"""

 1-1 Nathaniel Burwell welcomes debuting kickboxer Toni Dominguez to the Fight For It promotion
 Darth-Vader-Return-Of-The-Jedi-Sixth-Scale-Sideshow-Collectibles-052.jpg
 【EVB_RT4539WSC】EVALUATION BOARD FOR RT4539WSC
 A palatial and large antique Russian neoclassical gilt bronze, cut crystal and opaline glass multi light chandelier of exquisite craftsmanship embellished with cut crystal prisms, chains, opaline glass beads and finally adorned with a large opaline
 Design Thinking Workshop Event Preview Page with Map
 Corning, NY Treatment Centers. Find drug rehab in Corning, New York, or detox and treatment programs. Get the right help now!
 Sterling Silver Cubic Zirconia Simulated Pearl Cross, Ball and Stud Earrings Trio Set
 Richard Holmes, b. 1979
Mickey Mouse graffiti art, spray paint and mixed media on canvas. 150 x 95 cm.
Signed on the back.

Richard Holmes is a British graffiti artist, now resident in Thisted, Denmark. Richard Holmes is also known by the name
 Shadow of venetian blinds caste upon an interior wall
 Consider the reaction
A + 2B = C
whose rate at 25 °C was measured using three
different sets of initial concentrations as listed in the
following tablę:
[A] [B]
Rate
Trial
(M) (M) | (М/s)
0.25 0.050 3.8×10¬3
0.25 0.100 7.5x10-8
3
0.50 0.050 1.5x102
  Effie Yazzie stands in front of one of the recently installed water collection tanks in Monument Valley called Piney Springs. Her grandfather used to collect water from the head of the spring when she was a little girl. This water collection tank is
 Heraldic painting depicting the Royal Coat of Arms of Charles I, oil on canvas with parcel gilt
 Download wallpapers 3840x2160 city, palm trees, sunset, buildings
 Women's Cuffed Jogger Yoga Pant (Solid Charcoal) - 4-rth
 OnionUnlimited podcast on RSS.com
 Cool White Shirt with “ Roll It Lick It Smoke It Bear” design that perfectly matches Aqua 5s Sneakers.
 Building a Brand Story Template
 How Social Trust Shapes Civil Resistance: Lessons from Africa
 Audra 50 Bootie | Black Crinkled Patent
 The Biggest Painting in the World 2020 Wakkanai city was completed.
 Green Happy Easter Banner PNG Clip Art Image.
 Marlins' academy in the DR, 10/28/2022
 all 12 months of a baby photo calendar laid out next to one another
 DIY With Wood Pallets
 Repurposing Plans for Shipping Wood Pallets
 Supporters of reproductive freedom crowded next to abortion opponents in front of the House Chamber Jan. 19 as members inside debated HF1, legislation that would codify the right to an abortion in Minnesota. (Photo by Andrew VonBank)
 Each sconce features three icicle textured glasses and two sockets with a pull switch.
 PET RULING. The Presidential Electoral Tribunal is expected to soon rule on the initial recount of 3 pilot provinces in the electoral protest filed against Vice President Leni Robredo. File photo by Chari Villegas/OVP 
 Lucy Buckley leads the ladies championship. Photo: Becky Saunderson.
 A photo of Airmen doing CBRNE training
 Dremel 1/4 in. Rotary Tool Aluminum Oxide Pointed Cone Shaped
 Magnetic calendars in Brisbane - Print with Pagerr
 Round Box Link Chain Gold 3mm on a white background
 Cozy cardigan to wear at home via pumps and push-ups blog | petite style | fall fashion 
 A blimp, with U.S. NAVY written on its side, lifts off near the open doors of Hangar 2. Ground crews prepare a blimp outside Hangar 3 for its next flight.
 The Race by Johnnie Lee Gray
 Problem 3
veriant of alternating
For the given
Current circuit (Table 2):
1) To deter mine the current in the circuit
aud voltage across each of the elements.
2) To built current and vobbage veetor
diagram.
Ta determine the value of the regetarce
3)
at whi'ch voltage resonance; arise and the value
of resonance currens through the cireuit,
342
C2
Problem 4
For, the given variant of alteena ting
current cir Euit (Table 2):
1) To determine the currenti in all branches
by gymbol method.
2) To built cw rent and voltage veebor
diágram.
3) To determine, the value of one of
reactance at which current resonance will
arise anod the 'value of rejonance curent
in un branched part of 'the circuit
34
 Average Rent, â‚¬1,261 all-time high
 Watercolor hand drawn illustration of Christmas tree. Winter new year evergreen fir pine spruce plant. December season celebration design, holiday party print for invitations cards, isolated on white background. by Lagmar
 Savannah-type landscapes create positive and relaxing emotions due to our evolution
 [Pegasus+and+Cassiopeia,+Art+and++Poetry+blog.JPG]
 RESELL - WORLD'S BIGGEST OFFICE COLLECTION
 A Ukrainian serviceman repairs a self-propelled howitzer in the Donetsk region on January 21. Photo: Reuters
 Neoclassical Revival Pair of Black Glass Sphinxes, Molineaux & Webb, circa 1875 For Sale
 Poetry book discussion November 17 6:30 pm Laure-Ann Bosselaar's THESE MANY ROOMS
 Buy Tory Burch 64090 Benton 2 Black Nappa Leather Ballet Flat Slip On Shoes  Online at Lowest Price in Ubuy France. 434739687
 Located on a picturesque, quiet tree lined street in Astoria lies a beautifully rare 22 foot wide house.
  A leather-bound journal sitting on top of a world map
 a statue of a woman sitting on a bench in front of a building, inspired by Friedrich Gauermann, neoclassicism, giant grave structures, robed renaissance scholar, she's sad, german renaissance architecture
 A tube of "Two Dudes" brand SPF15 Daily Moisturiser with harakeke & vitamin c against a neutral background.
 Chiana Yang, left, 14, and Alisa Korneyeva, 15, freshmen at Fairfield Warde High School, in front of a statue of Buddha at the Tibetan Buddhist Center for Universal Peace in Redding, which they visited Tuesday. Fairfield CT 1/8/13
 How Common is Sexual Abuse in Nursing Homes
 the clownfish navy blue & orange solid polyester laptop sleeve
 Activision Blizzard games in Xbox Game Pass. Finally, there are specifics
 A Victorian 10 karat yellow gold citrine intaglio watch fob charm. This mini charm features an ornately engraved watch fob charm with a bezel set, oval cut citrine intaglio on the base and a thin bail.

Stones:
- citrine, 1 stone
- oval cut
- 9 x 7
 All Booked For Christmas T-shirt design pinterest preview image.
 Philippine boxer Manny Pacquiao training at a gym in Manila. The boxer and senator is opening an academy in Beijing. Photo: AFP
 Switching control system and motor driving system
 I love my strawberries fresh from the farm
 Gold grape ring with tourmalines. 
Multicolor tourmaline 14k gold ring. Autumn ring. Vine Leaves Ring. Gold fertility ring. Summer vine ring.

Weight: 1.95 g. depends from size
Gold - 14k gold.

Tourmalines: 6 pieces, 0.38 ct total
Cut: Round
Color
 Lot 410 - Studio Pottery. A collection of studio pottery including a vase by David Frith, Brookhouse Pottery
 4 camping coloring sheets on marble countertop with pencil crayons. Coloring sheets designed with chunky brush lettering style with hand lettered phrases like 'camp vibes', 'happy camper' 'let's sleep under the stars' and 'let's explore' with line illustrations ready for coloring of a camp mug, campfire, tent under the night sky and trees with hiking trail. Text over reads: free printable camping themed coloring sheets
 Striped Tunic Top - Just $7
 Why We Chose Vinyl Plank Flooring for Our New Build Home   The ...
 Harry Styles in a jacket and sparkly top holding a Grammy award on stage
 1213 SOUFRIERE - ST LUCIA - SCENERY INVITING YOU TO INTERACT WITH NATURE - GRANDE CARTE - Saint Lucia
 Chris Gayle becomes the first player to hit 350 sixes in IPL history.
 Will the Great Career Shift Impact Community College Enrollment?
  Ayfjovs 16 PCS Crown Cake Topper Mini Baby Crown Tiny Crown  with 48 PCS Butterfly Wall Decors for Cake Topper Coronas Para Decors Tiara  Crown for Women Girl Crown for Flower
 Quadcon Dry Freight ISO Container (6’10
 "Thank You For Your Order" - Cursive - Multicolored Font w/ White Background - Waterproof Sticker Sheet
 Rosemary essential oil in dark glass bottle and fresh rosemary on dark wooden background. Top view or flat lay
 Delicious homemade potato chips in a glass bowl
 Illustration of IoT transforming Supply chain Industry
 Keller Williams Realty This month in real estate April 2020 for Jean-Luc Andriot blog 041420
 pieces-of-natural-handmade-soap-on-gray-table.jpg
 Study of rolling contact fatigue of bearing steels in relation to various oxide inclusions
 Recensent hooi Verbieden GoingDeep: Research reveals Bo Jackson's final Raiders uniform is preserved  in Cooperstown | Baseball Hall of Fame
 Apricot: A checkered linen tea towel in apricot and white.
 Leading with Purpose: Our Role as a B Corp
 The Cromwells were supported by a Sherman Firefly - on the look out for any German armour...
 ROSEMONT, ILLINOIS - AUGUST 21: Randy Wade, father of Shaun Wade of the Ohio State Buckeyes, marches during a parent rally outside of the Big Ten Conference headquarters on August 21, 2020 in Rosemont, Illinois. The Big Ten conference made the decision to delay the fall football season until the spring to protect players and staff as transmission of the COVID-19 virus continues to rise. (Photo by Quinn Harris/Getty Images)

"""

# REQUIRED WORK
Take the lines from the first line of the listing up to and including the line with "Marlins' academy in the DR, 10/28/2022" and give them again exactly.

# SOLUTION FOR THIS EXERCISE
 1-1 Nathaniel Burwell welcomes debuting kickboxer Toni Dominguez to the Fight For It promotion
 Darth-Vader-Return-Of-The-Jedi-Sixth-Scale-Sideshow-Collectibles-052.jpg
 【EVB_RT4539WSC】EVALUATION BOARD FOR RT4539WSC
 A palatial and large antique Russian neoclassical gilt bronze, cut crystal and opaline glass multi light chandelier of exquisite craftsmanship embellished with cut crystal prisms, chains, opaline glass beads and finally adorned with a large opaline
 Design Thinking Workshop Event Preview Page with Map
 Corning, NY Treatment Centers. Find drug rehab in Corning, New York, or detox and treatment programs. Get the right help now!
 Sterling Silver Cubic Zirconia Simulated Pearl Cross, Ball and Stud Earrings Trio Set
 Richard Holmes, b. 1979
Mickey Mouse graffiti art, spray paint and mixed media on canvas. 150 x 95 cm.
Signed on the back.

Richard Holmes is a British graffiti artist, now resident in Thisted, Denmark. Richard Holmes is also known by the name
 Shadow of venetian blinds caste upon an interior wall
 Consider the reaction
A + 2B = C
whose rate at 25 °C was measured using three
different sets of initial concentrations as listed in the
following tablę:
[A] [B]
Rate
Trial
(M) (M) | (М/s)
0.25 0.050 3.8×10¬3
0.25 0.100 7.5x10-8
3
0.50 0.050 1.5x102
  Effie Yazzie stands in front of one of the recently installed water collection tanks in Monument Valley called Piney Springs. Her grandfather used to collect water from the head of the spring when she was a little girl. This water collection tank is
 Heraldic painting depicting the Royal Coat of Arms of Charles I, oil on canvas with parcel gilt
 Download wallpapers 3840x2160 city, palm trees, sunset, buildings
 Women's Cuffed Jogger Yoga Pant (Solid Charcoal) - 4-rth
 OnionUnlimited podcast on RSS.com
 Cool White Shirt with “ Roll It Lick It Smoke It Bear” design that perfectly matches Aqua 5s Sneakers.
 Building a Brand Story Template
 How Social Trust Shapes Civil Resistance: Lessons from Africa
 Audra 50 Bootie | Black Crinkled Patent
 The Biggest Painting in the World 2020 Wakkanai city was completed.
 Green Happy Easter Banner PNG Clip Art Image.
 Marlins' academy in the DR, 10/28/2022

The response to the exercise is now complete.